Intrusion Detection Systems (IDS) for Controller Area Networks (CAN) Bus

Our research is dedicated to advancing the security of Controller Area Networks (CAN) in modern vehicles, which are increasingly reliant on interconnected electronic control units (ECUs) for essential functions such as braking, steering, and engine control. While the CAN protocol was originally designed with a focus on reliability and efficiency, it lacks inherent security measures, leaving vehicular networks vulnerable to cyberattacks. As vehicles become more connected, this vulnerability poses a significant risk, as attackers can potentially exploit these security gaps to disrupt vehicle operations, leading to severe and even life-threatening consequences.

Traditional Intrusion Detection Systems (IDS) for CAN buses have primarily focused on rule-based or anomaly-based approaches that monitor timing properties or message sequences within the CAN data stream. While these methods can effectively detect basic attacks that disrupt these properties, they fall short when faced with more sophisticated intrusions. Advanced attackers can manipulate the signal or semantic level of CAN messages, injecting malicious data that appears normal in terms of timing and frequency but alters the underlying signal values. This subtlety allows the attack to evade detection by conventional IDS, posing a new challenge for vehicular network security.

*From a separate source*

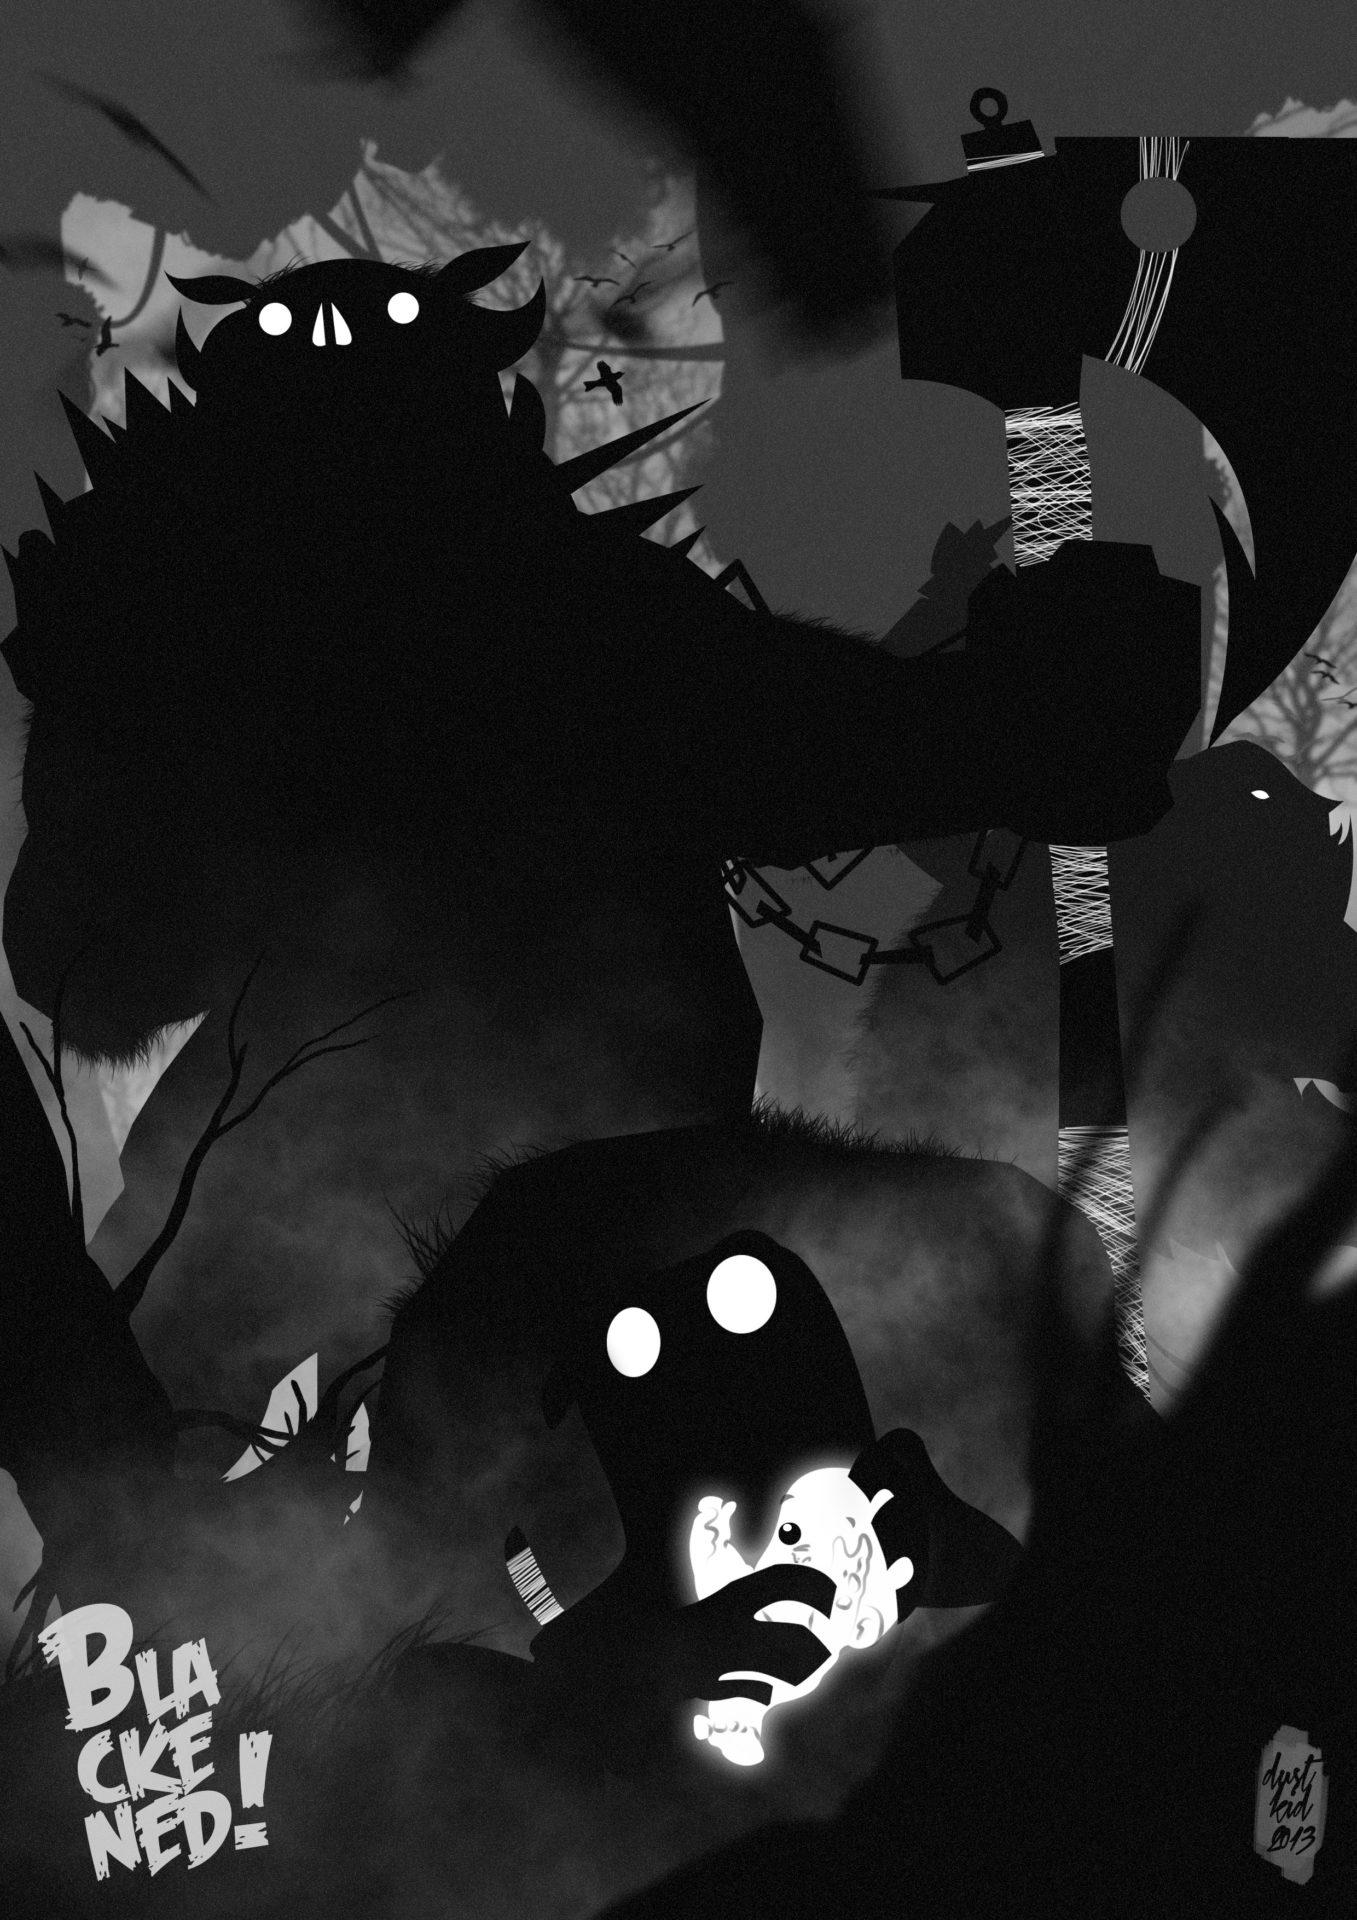 blackened6

The complexity and sophistication of modern cyber threats necessitate the development of advanced IDS capable of analyzing CAN data at a finer, signal-level granularity. However, this pursuit is met with several key challenges:

  • High Dimensionality and Complexity: The CAN bus generates a continuous stream of high-dimensional time-series data, which is challenging to parse, analyze, and interpret effectively.
  • Scalability and Generalization: Deep learning-based IDS must be designed to scale and generalize across various attack scenarios, which often requires significant optimization and careful model selection.
  • Real-time Detection: Given the critical nature of vehicular systems, IDS must be both accurate and responsive, capable of detecting and mitigating threats in real-time to prevent catastrophic outcomes.

Key Contributions

  1. CANShield [1]: We developed CANShield, a deep learning-based IDS framework that detects signal-level intrusions within CAN buses. CANShield employs a multi-module system, including deep autoencoders and an ensemble detection method, to identify sophisticated attacks that evade traditional IDS by manipulating signal semantics without altering the overall pattern of CAN messages. This framework has demonstrated high accuracy and responsiveness in detecting advanced attacks on high-fidelity datasets, contributing to the state-of-the-art in vehicular network security.

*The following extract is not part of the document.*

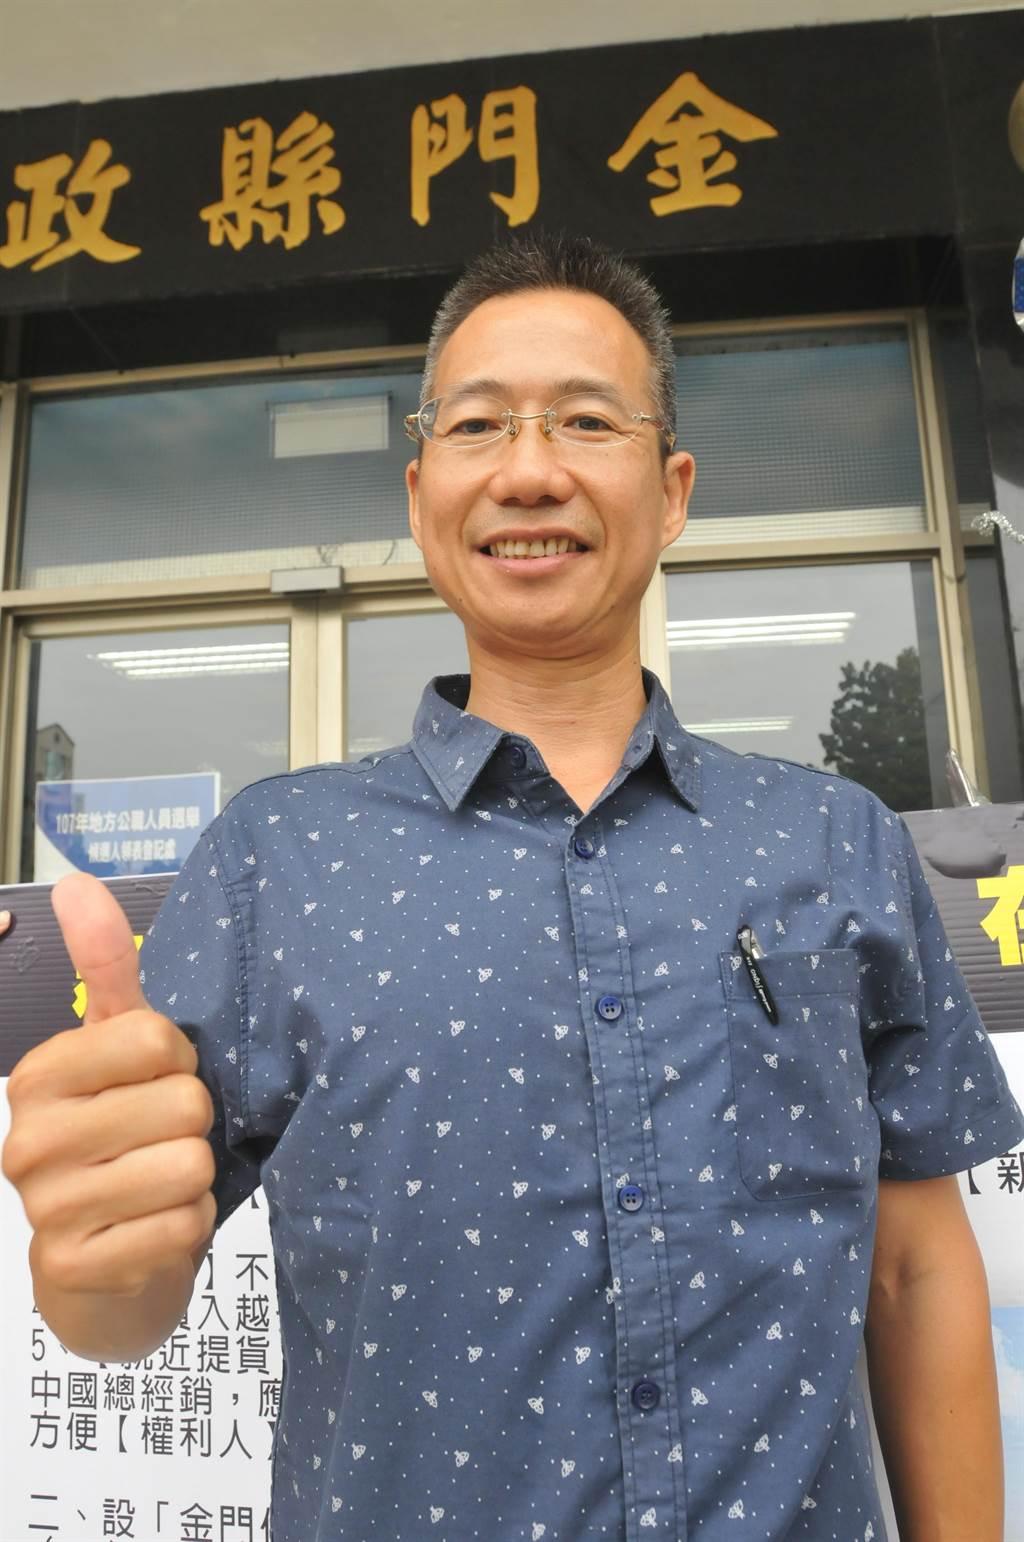 曾參選2013年金門縣長、2016年立委、2018年縣長和補選立委的洪志恒,已在七月間宣布再戰立委。(李金生攝)

  2. CANtropy [2]: We introduced CANtropy, a lightweight IDS that leverages manual feature engineering to extract critical temporal and statistical features from CAN signals. CANtropy utilizes a principal component analysis-based anomaly detection model to ensure scalability and effectiveness in detecting a broad spectrum of cyberattacks. This approach has outperformed existing deep learning-based IDS solutions, achieving excellent generalization and an AUROC score of 0.992 on the SynCAN dataset.

Future Directions

To develop efficient, robust, and scalable Intrusion Detection Systems (IDS) for vehicular networks, our future research will focus on:

  • Adversarial Resilience: Enhancing IDS robustness against adversarial attacks to ensure resilience in evolving cyber threats.
  • Cross-Domain Applications: Extending signal-level intrusion detection to other modalities such as Vehicle-to-Everything (V2X) , multi-modal sensors such as camera, lidar, radar, etc.
  • Scalable and Explainable AI: Creating scalable and interpretable IDS models to build trust and facilitate adoption in critical infrastructure.

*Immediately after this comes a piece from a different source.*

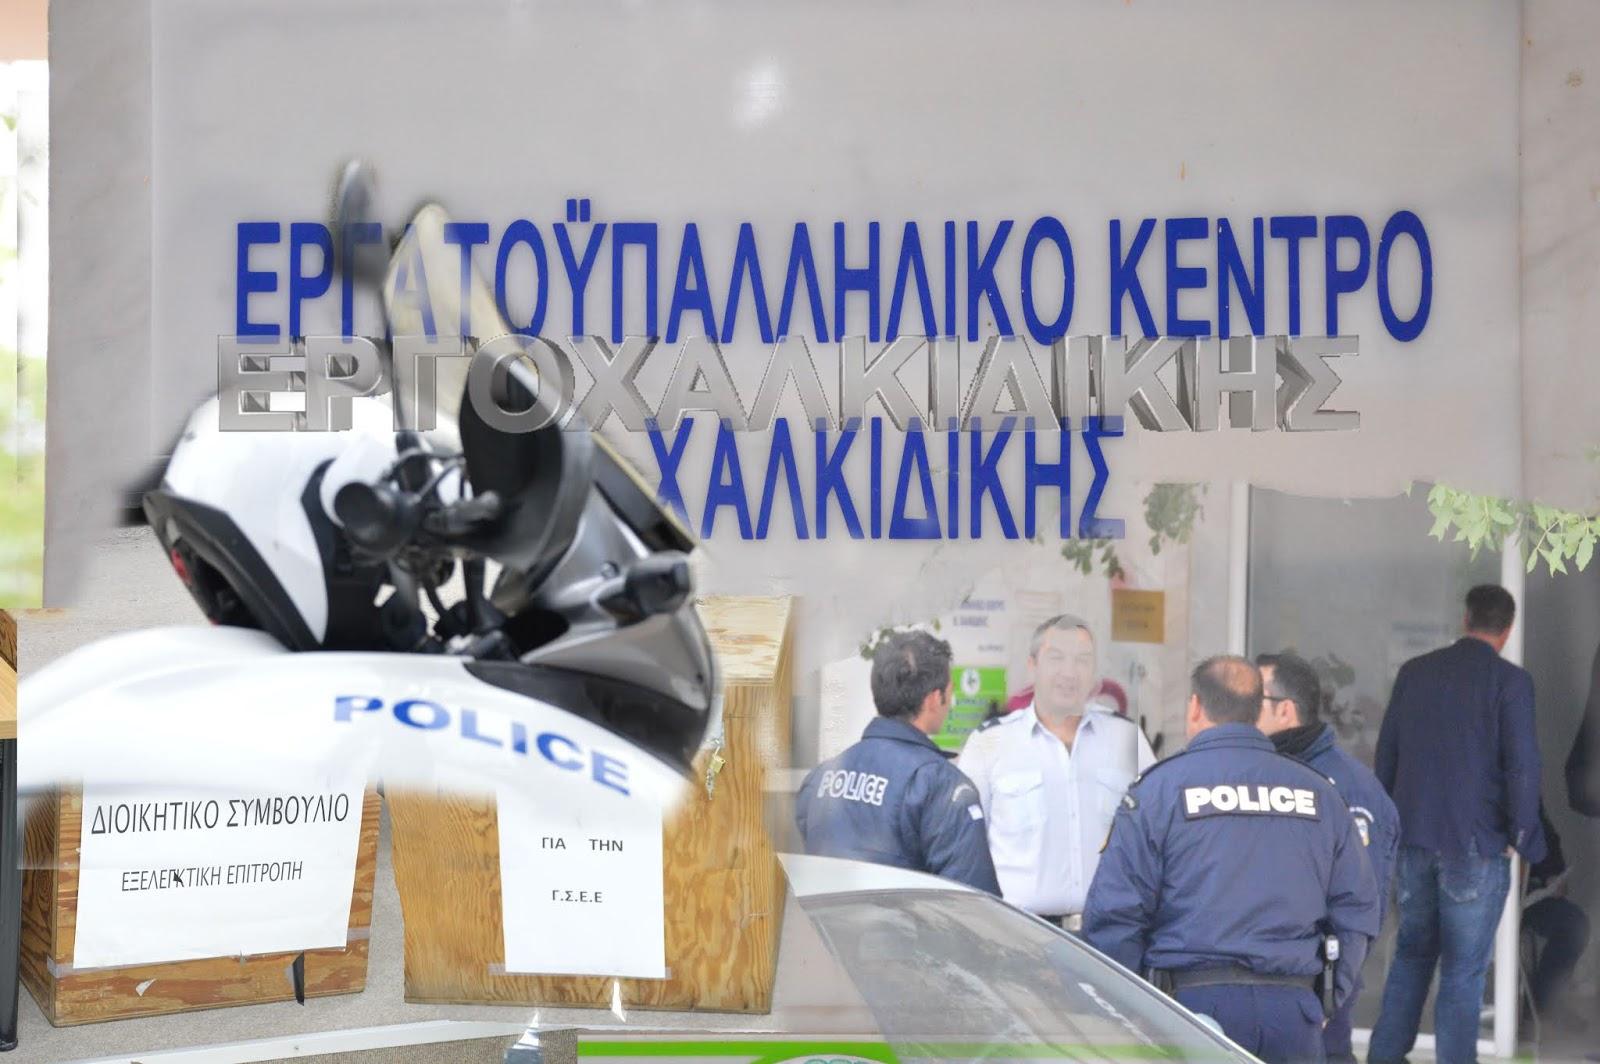 Καταγγελία: Το Εργατικό Κέντρο Χαλκιδικής εγγράφει όποιους θέλει...

These efforts will advance vehicular network security, ensuring the safety and reliability of next-generation vehicles and other critical systems.

References

  • [1] Shahriar, M. H., Xiao, Y., Moriano, P., Lou, W., & Hou, Y. T. (2023). CANShield: Deep Learning-Based Intrusion Detection Framework for Controller Area Networks at the Signal-Level. IEEE Internet of Things Journal.
  • [2] Shahriar, M. H., Lou, W., & Hou, Y. T. (2023). CANtropy: Time series feature extraction-based intrusion detection systems for controller area networks. In Proc. of Symp. on Vehicles Security and Privacy (VehicleSec) (pp. 1-8).